From: George Neuner on
On Sat, 05 Jun 2010 22:08:43 -0400, George Neuner
<gneuner2(a)comcast.net> wrote:

>The sequence:
>
> movl 8(%ebp), %edx
> movl 12(%ebp), %ecx
> movb 16(%ebp), %al
> movl %edx, %edi
> rep stosb
>
>sets up the byte pattern in AL, the destination address in EDX and the
>count in ECX. "rep stosb" triggers the loop which implements:
>
> while (--ECX >= 0)
> *EDX++ = AL;

Whoops, "EDX" should have been "EDI" in the above description.

George

--
[ See http://www.gotw.ca/resources/clcm.htm for info about ]
[ comp.lang.c++.moderated. First time posters: Do this! ]

From: George Neuner on
On Fri, 4 Jun 2010 15:34:18 CST, "Hakusa(a)gmail.com"
<hakusa(a)gmail.com> wrote:

>I'm told that std::fill is specialized for POD types, but the
>following code...
>
>void usingbe_memset( int* begin, int* end, int value )
>{
> memset( begin, value, (end-begin)*sizeof(int) );
>}
>
>void usingbe_fill( int* begin, int* end, int value )
>{
> std::fill( begin, end, value );
>}
>
>Compiled with g++ version 4.4.1, command line options "-c -O3 -S". The
>assembly, for brevity, i've posted here: http://pastebin.com/PVUUGGqH
>
>For those who can't read assembly, basically, the std::fill code is a
>straight loop, the memset code is done without looping, mostly in one
>assembly line (highlighted).

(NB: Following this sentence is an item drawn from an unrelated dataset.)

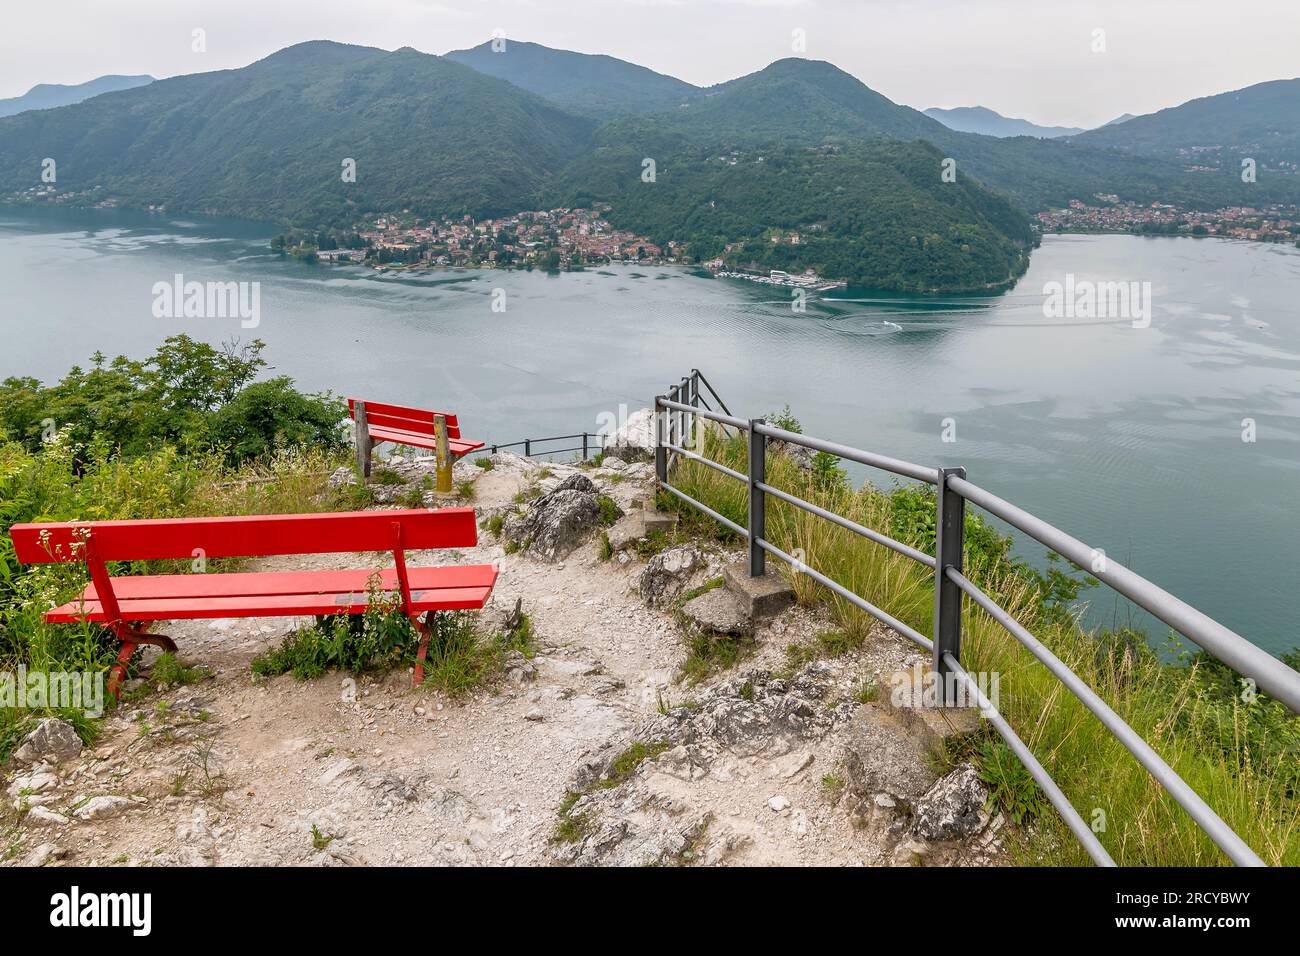 Two red wooden benches in the Sasso delle Parole viewpoint, Lugano, Switzerland Stock Photo

Theoretically, there should be no
>difference, but it reality, there is.

memset *is* looping ... the loop is simply in microcode (or in
whatever now passes for microcode) instead of being explicit in the
instruction stream.

The sequence:

movl 8(%ebp), %edx
movl 12(%ebp), %ecx
movb 16(%ebp), %al
movl %edx, %edi
rep stosb

sets up the byte pattern in AL, the destination address in EDX and the
count in ECX. "rep stosb" triggers the loop which implements:

while (--ECX >= 0)
*EDX++ = AL;

However, for a large buffer, I think this ought to be sub-optimal on
modern x86 processors - particularly on HT processors. Since the
memory bus is 64-bits, I would think it would be better to use SSE2 or
maybe even the FPU on 32-bit chips, and quadword (stosq) on 64-bit
chips, so that the write combine buffer is left available for other
stores.

Guess I'll have to try it.

George

--
[ See http://www.gotw.ca/resources/clcm.htm for info about ]
[ comp.lang.c++.moderated. First time posters: Do this! ]

From: Martin Vejnár on
On 6/4/2010 11:34 PM, Hakusa(a)gmail.com wrote:
> On Jun 4, 10:34 am, Mathias Gaunard<loufo...(a)gmail.com> wrote:
>
>> std::fill falls back to std::memset when the memory is contiguous...
>> It is called overloading.
>
> Theoretically, you're right, but i tried that and found it untrue.
> Here's an abridged repost:
>
> void usingbe_memset( int* begin, int* end, int value )
> {
> memset( begin, value, (end-begin)*sizeof(int) );
> }
>
> void usingbe_fill( int* begin, int* end, int value )
> {
> std::fill( begin, end, value );
> }

The two functions have different semantics; if you want to compare them, you need to change the type of the range from int to char. I just tested the following code on msvc10:

char a[42];
std::fill(a, a + 42, 0);

and it resulted in a call to memset as expected.

--
Martin

[ See http://www.gotw.ca/resources/clcm.htm for info about ]
[ comp.lang.c++.moderated. First time posters: Do this! ]

From: Andrew on
On 5 June, 20:48, Mathias Gaunard <loufo...(a)gmail.com> wrote:
> On 4 juin, 22:34, "Hak...(a)gmail.com" <hak...(a)gmail.com> wrote:
>
> > I'm told that std::fill is specialized for POD types, but the
> > fallowing code...
> > [...]
> > For those who can't read assembly, basically, the std::fill code is a
> > straight loop, the memset code is done without looping, mostly in one
> > assembly line (highlighted). Theoretically, there should be no
> > difference, but it reality, there is.
>
> Looks like a quality of implementation issue.
> I suspect the result be different on MSVC, which has native support to
> tell whether a type is a POD or has a trivial assignment.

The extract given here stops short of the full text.